Image 1781London-Salisbury-01-002 
Illustration No. 1     
Illustrator Henry Alken 
Engraver John Christian Zeitter 
Lithographer  
Title Caption He would draw his sword & fence, back stroke & fore stroke, with the walls; and when he was heartily tired, would say he had killed four Giants, as tall as so many steeples 
Title Supplied  
Part Part I, Madrid 1605  
Chapter Chapter 1 
Subject 1.1 DQ at his library reading chivalric novels
 
Illustration Type Chapter illustration
Frontispiece
 
Technique Etching (acquaforte)
 
Color Black and white 
Volume
Page Number f. title page 
Image Dimension 185 x 137 
Page Dimension 240 x 175 
Commentary Don Quixote at his library, dressed with part of his armor and with his sword and surrounded by arms and books. He looks with mad eyes the book "Feliciano de Silva Don Belianis" (wrong title; Feliciano de Silva was the author of "Amadís de Grecia", not of "Historia del magnánimo, valiente e invencible don Belianís de Grecia", written by Jerónimo Hernández).
Beginning of the Romantic image of don Quixote.
Illustration of great pictorial valor; agile and spontaneous engraving. 
Notes The engraver has used roulettes.
Used as a frontispiece.
Illustration from the set "Illustrations of Don Quixote: Designed by Henry Alken Engraved by John Zeitter. And Dedicated to the Memory of Cervantes", London: S. H. Hawkins, 1831.

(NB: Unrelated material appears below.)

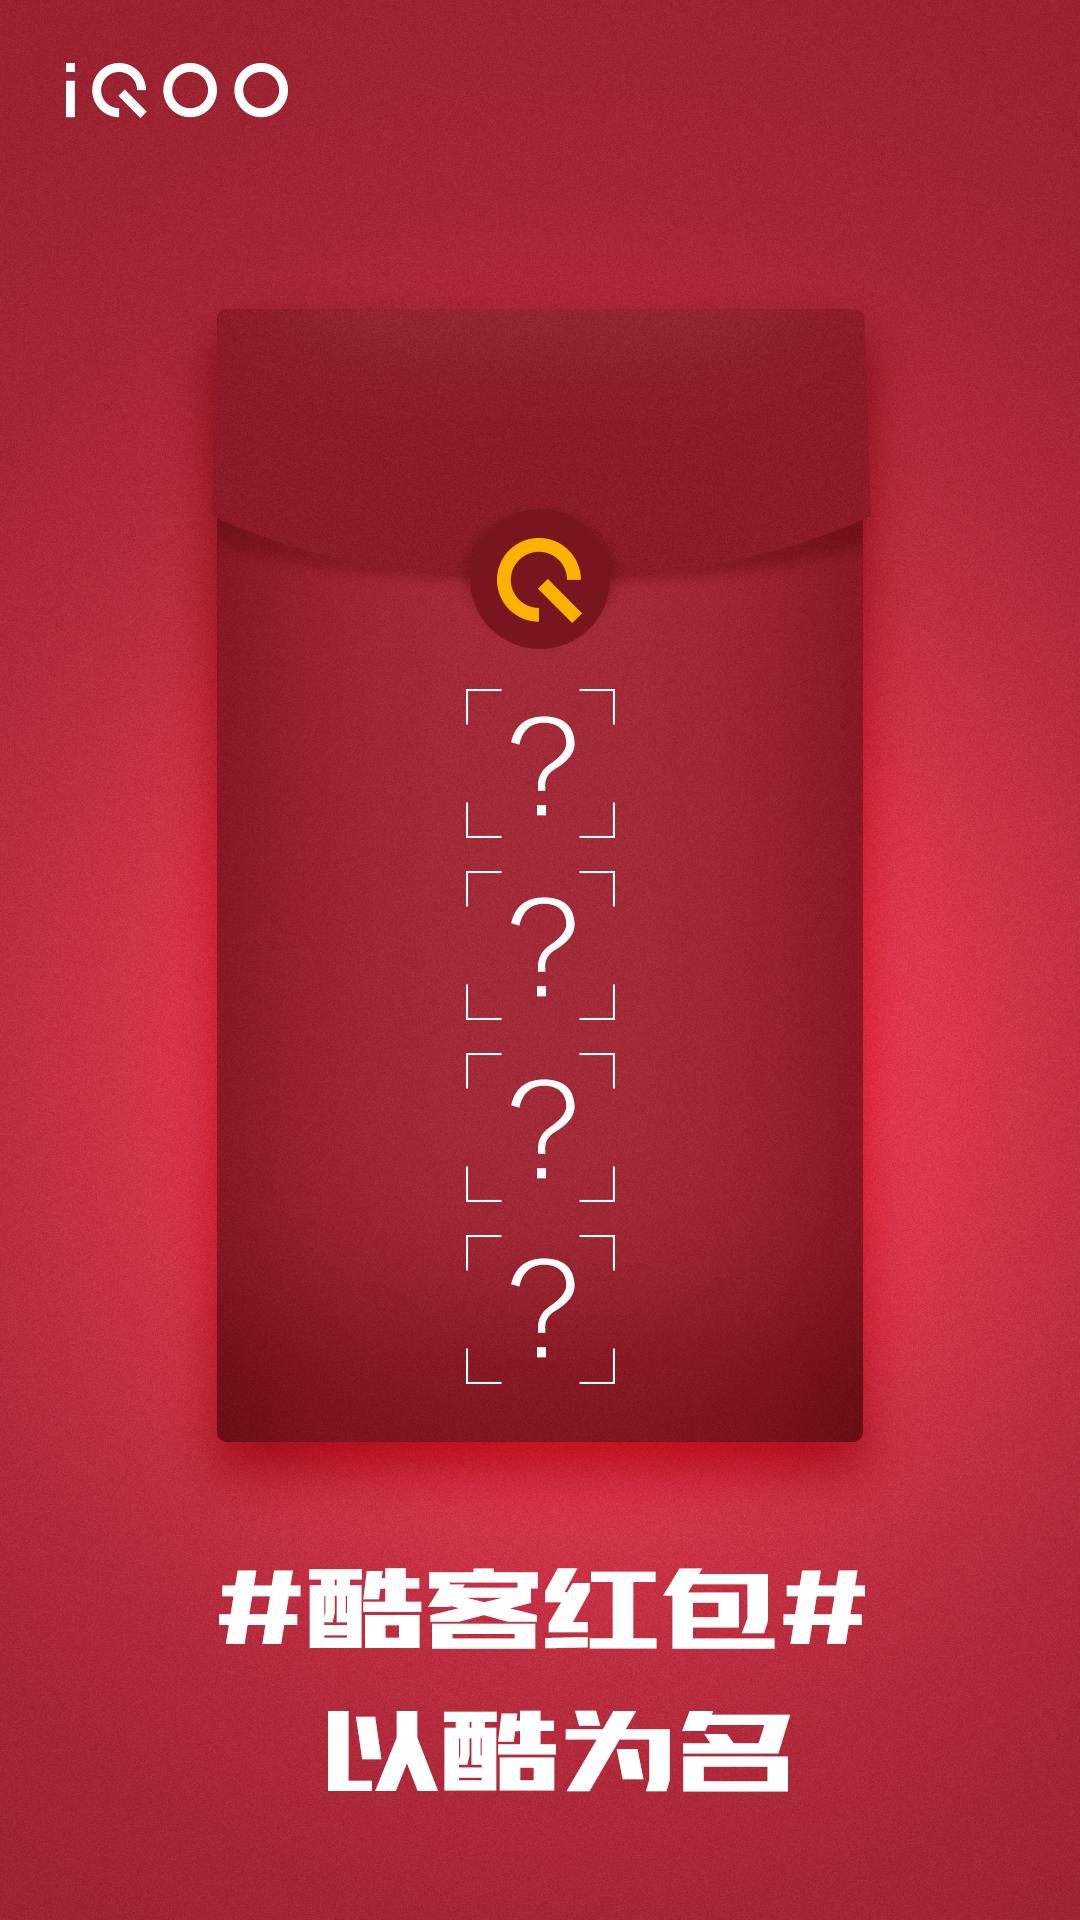 iQOO新春利是封-文案征集活动-1.jpg

Sir Henry Alken (1785 – 1851): English painter, engraver and acquafortist. Son of artist Samuel Alken, he was specialized in hunting and sporting scenes. In 1801 and 1822 he exposed two portraits at the Royal Academy of London. Alken explores the comic side of riding in a series of prints depicting the follies and foibles of aristocrats on their weekend outings. He worked in London and the provinces and was prolific in a variety of media, including painting, etching and watercolor. Trained as a miniature painter, his works always had a graphic precision. He was employed by sporting periodicals as an illustrator and provided plates for the “National Sports of Great Britain” (London, 1821) (Benezit I, 116).

John or Johann Christian Zeitter (¿? – London, 1862): Genre painter. Between 1824 and 1862 he exposed at London. He was known because of his Polish and Hungarian genre scenes, as “The Hungarian tinkers wedding”. He was a member of the Society of British Artists (1841) (Benezit X, 880).